In the data below, the copy begins at the line containing "Orange basket bal, photo" and runs through the last line; repeat those lines exactly, minus the pictures.

*RECORDED DATA*.
——
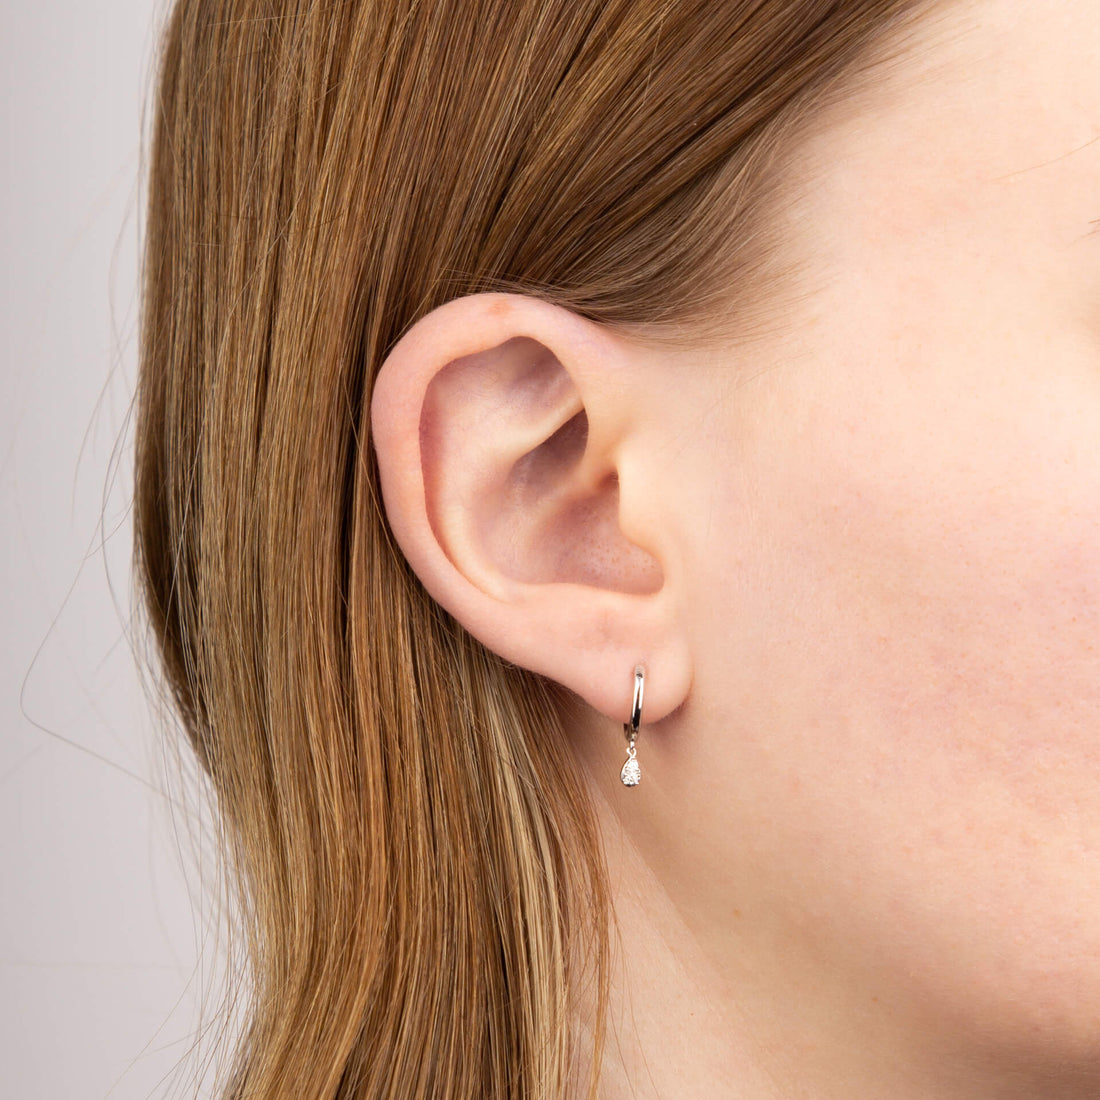 Hoop Earrings with Teardrop Diamond Drop in 9ct White Gold - Robert Anthony Jewellers, Edinburgh
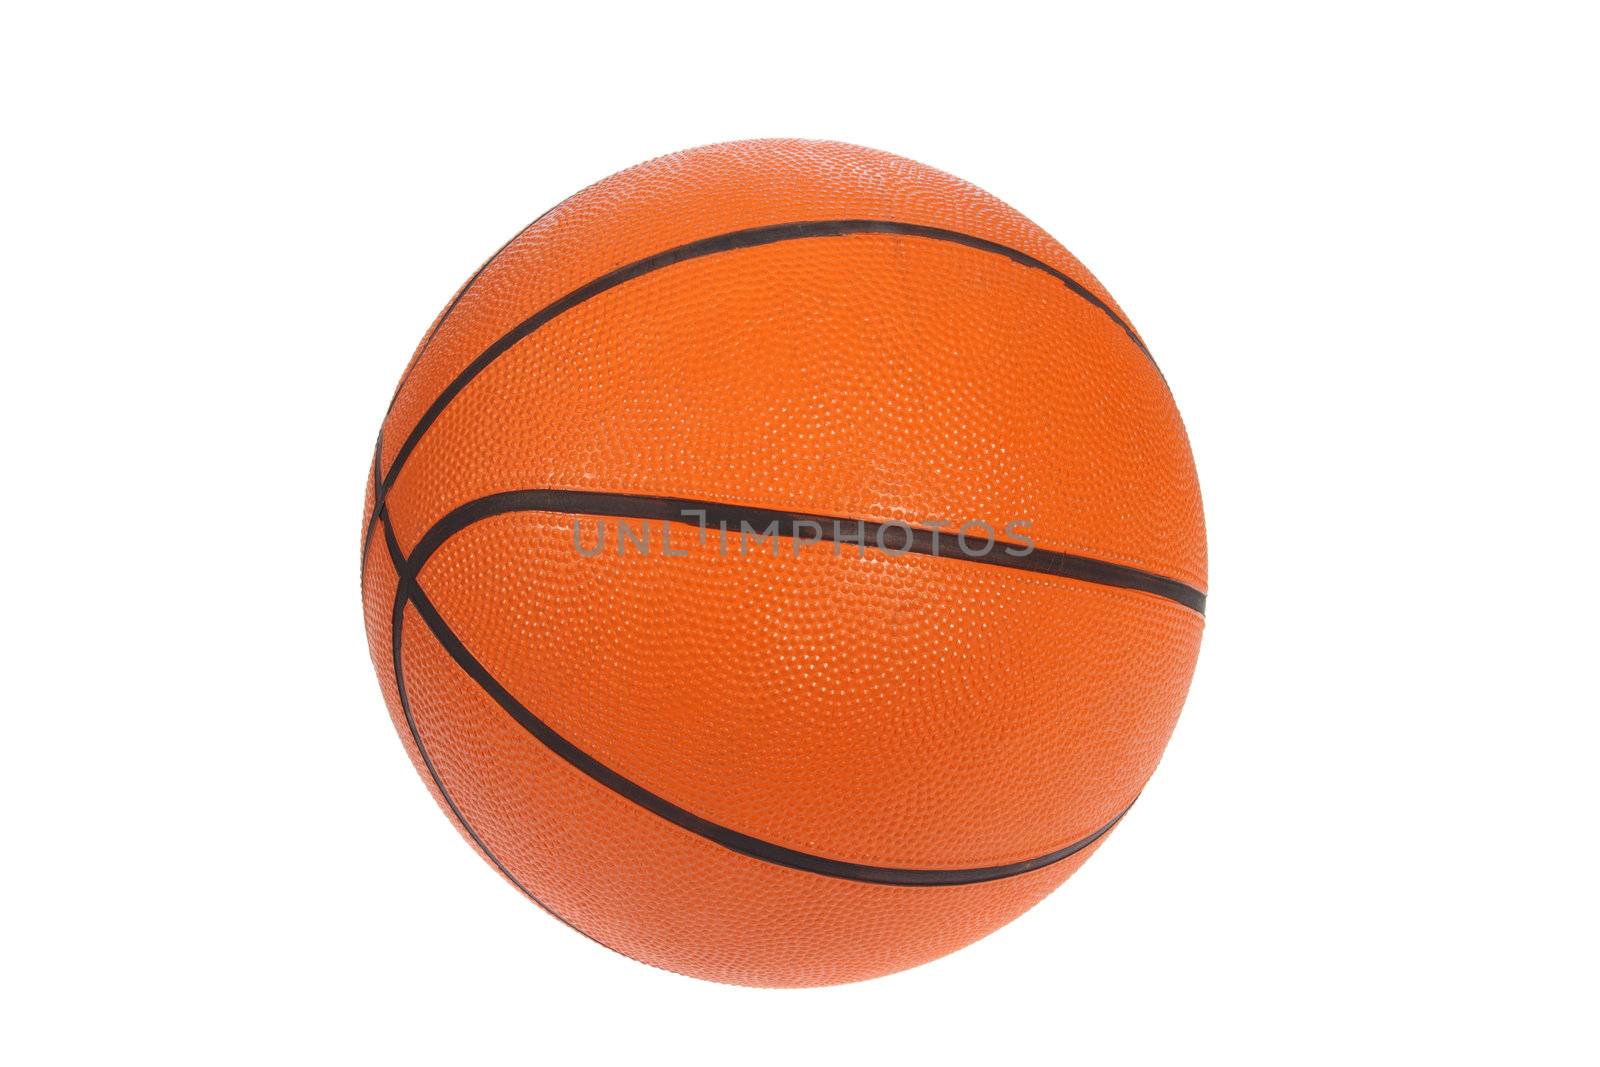 Orange basket bal, photo on the white background
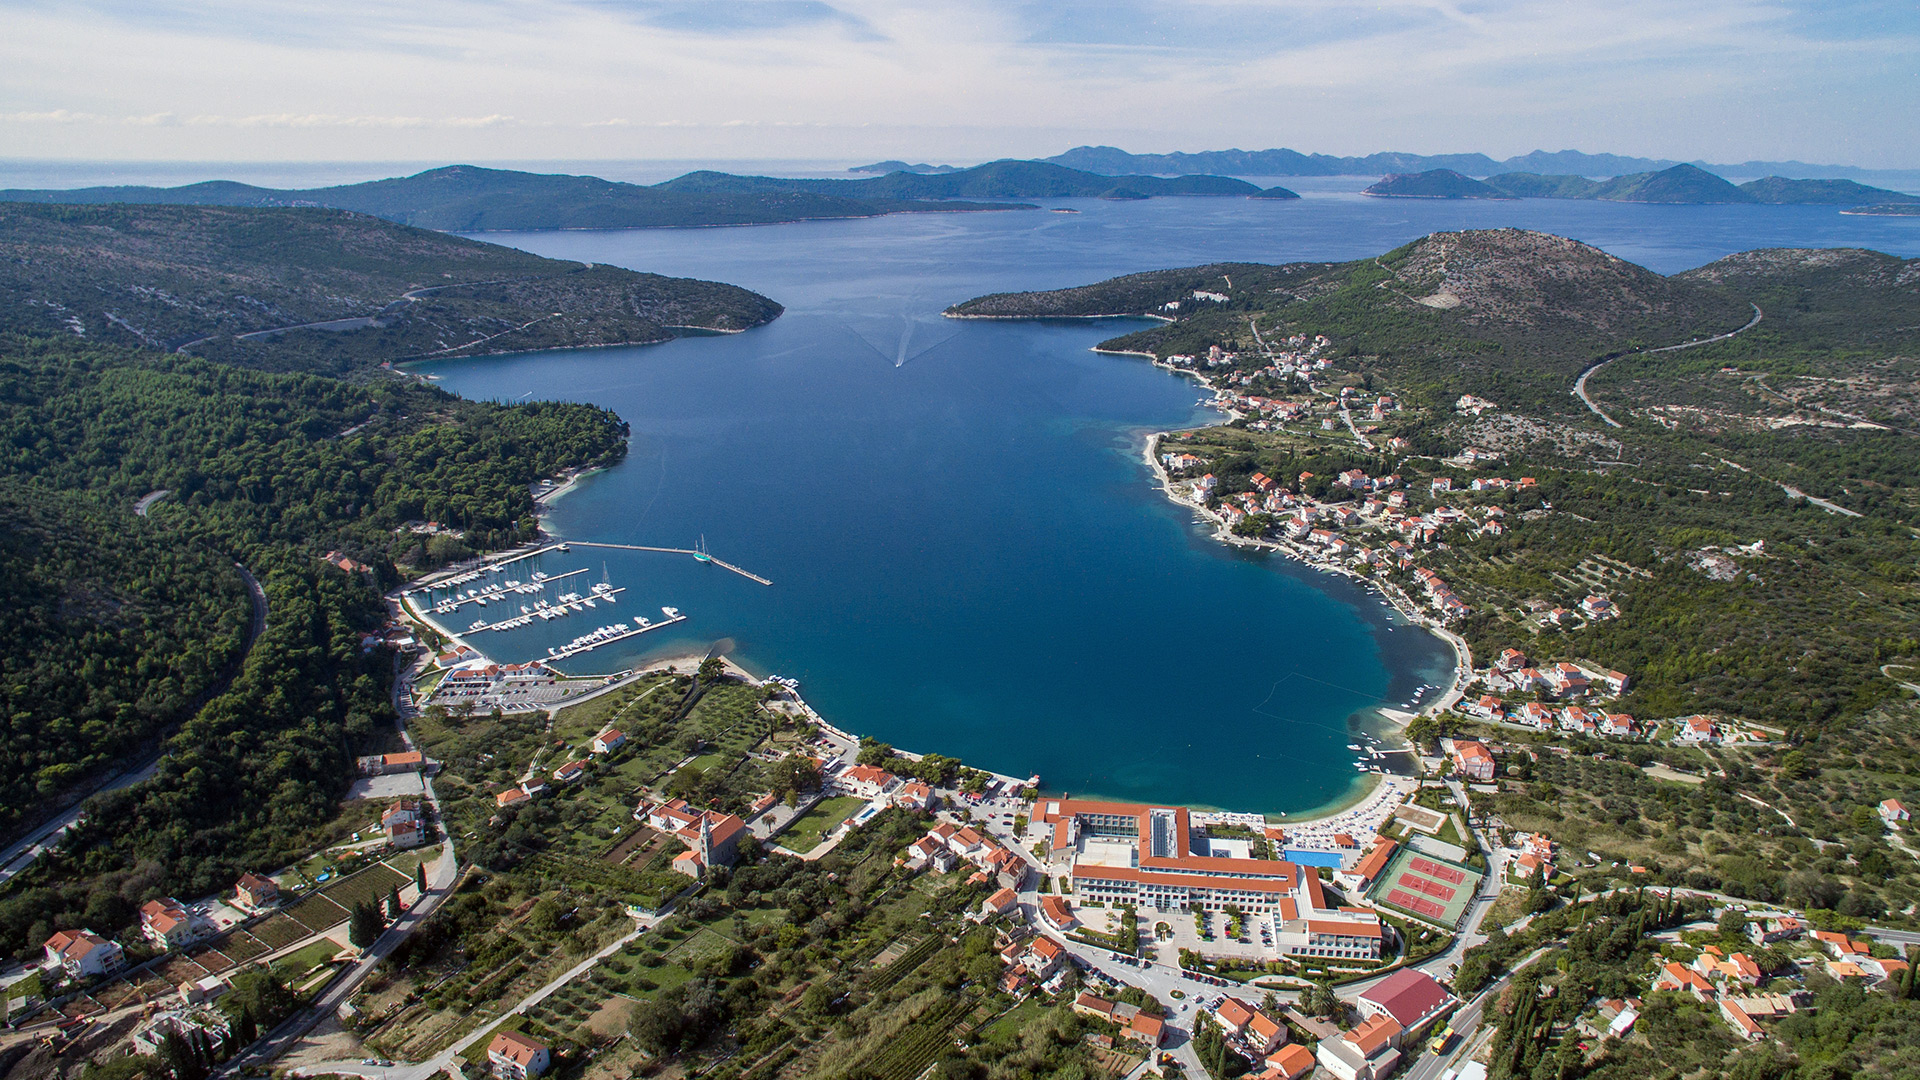 Адмирал Гранд Отель на берегу бухты, Слано, Хорватия - маршруты SimpleSail по Адриатике
——
*RESULT OF THE TASK*.
 Orange basket bal, photo on the white background
 Адмирал Гранд Отель на берегу бухты, Слано, Хорватия - маршруты SimpleSail по Адриатике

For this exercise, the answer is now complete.